Je m’étais dit que je n’allais pas écrire sur ce film, oubliable, quand mon attention a été attirée par les sous-titres qui clôturaient la diffusion avant le générique (vous savez, de ceux qui vous disent ce que devient tel ou tel personnage). Et là j’ai réalisé qu’il s’agissait de parler de 11 personnes décédées sur 126 présentes sur la plate-forme, bilan terrible certes, toute mort est tragique, à rapporter à la tragédie écologique créée par l’événement, comparable a minima, à savoir le déversement de 795 millions de litres de pétrole dans le Golfe du Mexique, tuant ou menaçant de mort des dizaines d’espèces animales et végétales. Le film se terminant ainsi, sur des scènes surfaites de retrouvailles dans un hôtel de luxe, sans plus d’hommage à la nature mourante qu’un simple insert de sous-titres, je me suis interrogée sur cette volonté de ne pas aborder cette catastrophe écologique qu’a été l’explosion de cette plate-forme pétrolière.
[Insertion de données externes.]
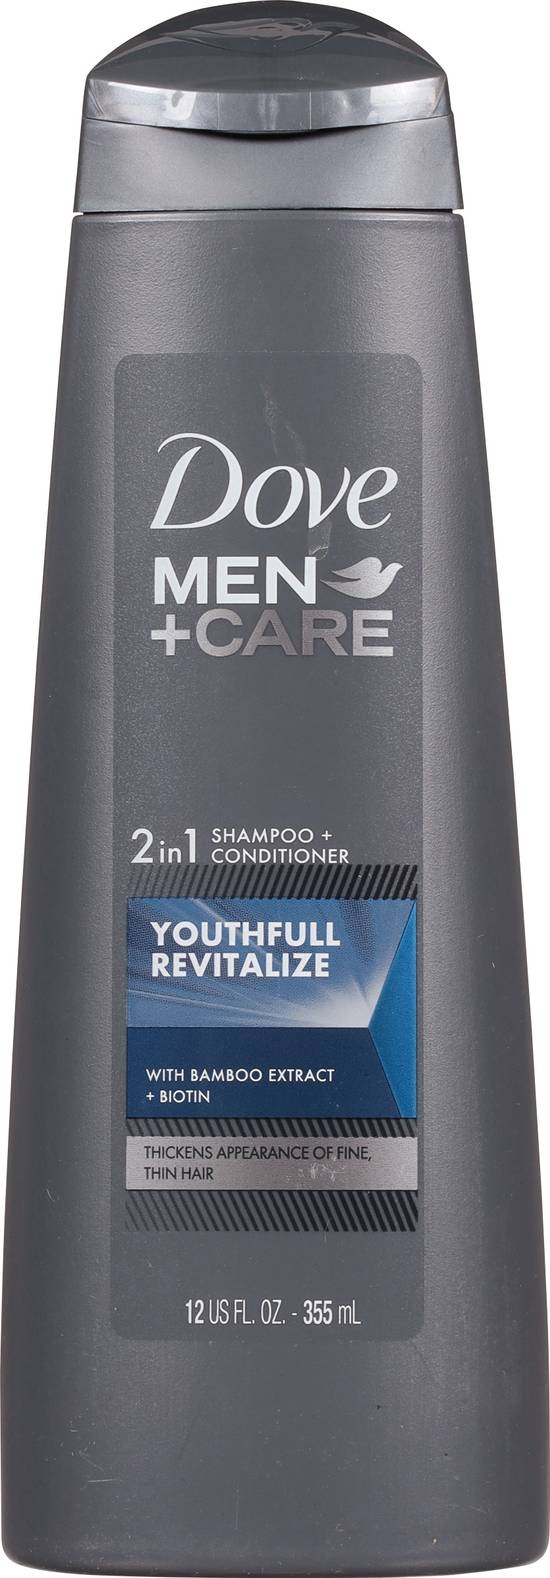 Dove Men+Care 2 in 1 Shampoo + Conditioner

J’ai déjà eu l’occasion d’aborder ce point sur mon blog. Les Américains, peuple encore pionnier dans l’âme, entretiennent d’après moi avec la Nature une relation complexe ; c’est un vrai adversaire, qu’ils affrontent, comme dans les premiers temps où ils se sont installés dans cette contrée hostile pour eux, et qu’ils craignent à la fois. Le genre du « film-catastrophe », né aux Etats-Unis, prend tout son sens si l’on se rappelle cela. Il s’agit presque chaque fois d’une Nature hostile, comme si elle voulait se venger d’avoir été dominée, barrages qui se rompent, tsunamis irréductibles, tremblements de terre imprévisibles. Chaque fois, l’Homme gagne (après avoir éprouvé bien des angoisses, qui font le fil de ces oeuvres cinématographiques), mais quelque part, au travers de ces films, il a reconnu à la Nature son pouvoir, en lui donnant le statut d’adversaire possible. Ambivalence complexe, qui explique peut-être pourquoi les Etats-Unis, qui prônent le respect de bien des valeurs, s’engagent peu dans les plans de lutte contre le réchauffement climatique. Mais ceci est une autre histoire…
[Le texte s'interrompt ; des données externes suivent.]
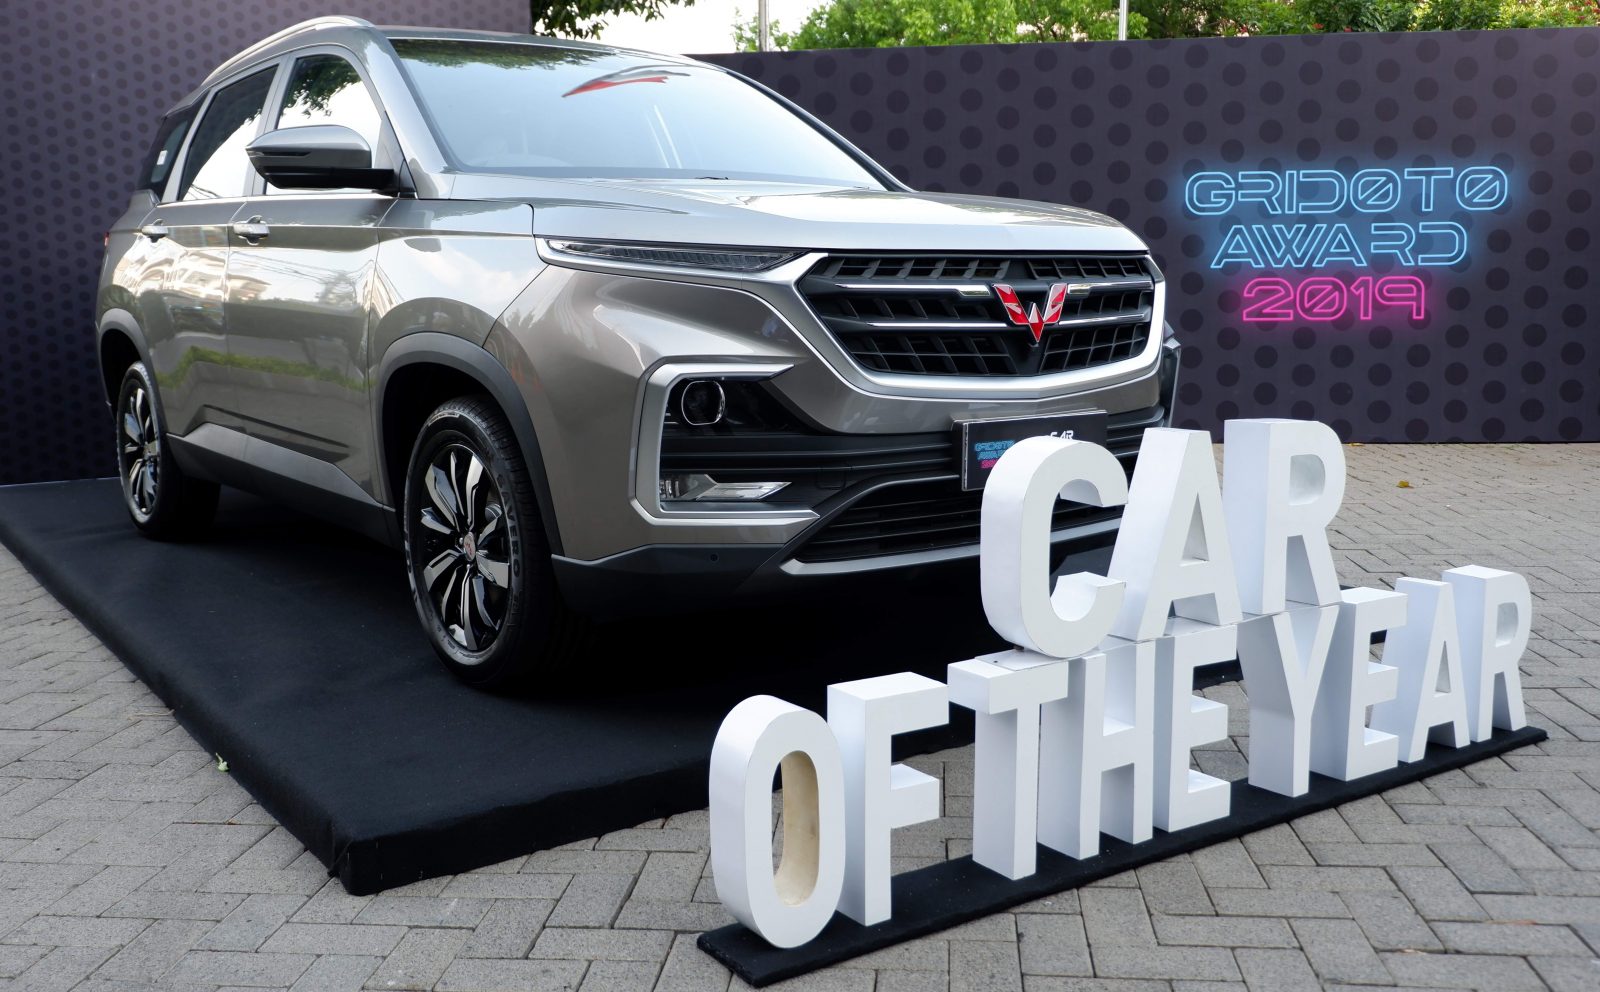 Image Wuling Almaz Won Car of the Year at the 2019 Gridoto Award

Voilà ce que m’a inspiré ce film, penser qu’il s’agit là d’un item anthropocentré, où un homme vaut bien quelque milliers de cormorans…

Ajoutons également l’ambiguïté qu’il véhicule sur le pouvoir de l’argent, chose finalement assez trouble aux Etats-Unis. Bien que valorisant la réussite financière bien plus que nous (1), le peuple américain se retrouve en difficulté lorsque l’argent contrebat ses valeurs morales. Nous avons déjà vu cela dans maints films, je citerai par exemple « Promised land » (Gus Van Sant, 2012) à propos du gaz de schiste, ou, encore plus emblématique « Erin Brockovich » (Steven Soderbergh, 2000). Et cette tendance est ancienne et traverse toutes les époques du cinéma américain, nous pourrions citer, peut-être comme précurseur, Franck Capra, qui dans « La vie est belle » (1947) dénonce le pouvoir financier incarné par le magnat Henry Potter qui menace la vie d’une communauté entière. Ici, la catastrophe est clairement imputée à British Petroleum (BP) et à ses représentants (parmi lesquels nous avons le plaisir de revoir John Malkovich, trop rare) qui annulent des tests de résistance essentiels pour économiser de l’argent. Peu importe d’ailleurs la véracité de ce point, l’important est la manière dont cela nous est restitué.

Bref, en partant d’un film a priori lisse, nous parvenons à l’inscrire dans plusieurs mouvements de fond du cinéma et de la société américains et cela prend alors tout son sens.

A voir à la lueur de ce que j’ai développé ci-dessus.

FB

(1) Je vous invite à lire un ouvrage fondamental, pour moi tout du moins, d’un des fondateurs allemand de la sociologie, Max Weber (1864-1920), qui dans son ouvrage « L’éthique protestante et l’esprit du capitalisme » (1904-1905) essaye de démêler les racines de la différence entre les appréhension catholique et protestante de l’argent. Lecture complexe mais absolument passionnante.